Provided data -
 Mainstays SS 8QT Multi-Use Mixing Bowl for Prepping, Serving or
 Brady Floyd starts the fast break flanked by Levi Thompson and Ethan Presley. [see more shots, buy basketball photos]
--
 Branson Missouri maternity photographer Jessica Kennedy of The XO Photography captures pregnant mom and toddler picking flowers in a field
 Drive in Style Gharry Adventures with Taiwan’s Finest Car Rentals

Exercise aim -
In the listing above, find the line containing "Branson Missouri maternity" and the line containing "Drive in Style". Output them and every line between, exactly, and nothing else.

Exercise answer -
 Branson Missouri maternity photographer Jessica Kennedy of The XO Photography captures pregnant mom and toddler picking flowers in a field
 Drive in Style Gharry Adventures with Taiwan’s Finest Car Rentals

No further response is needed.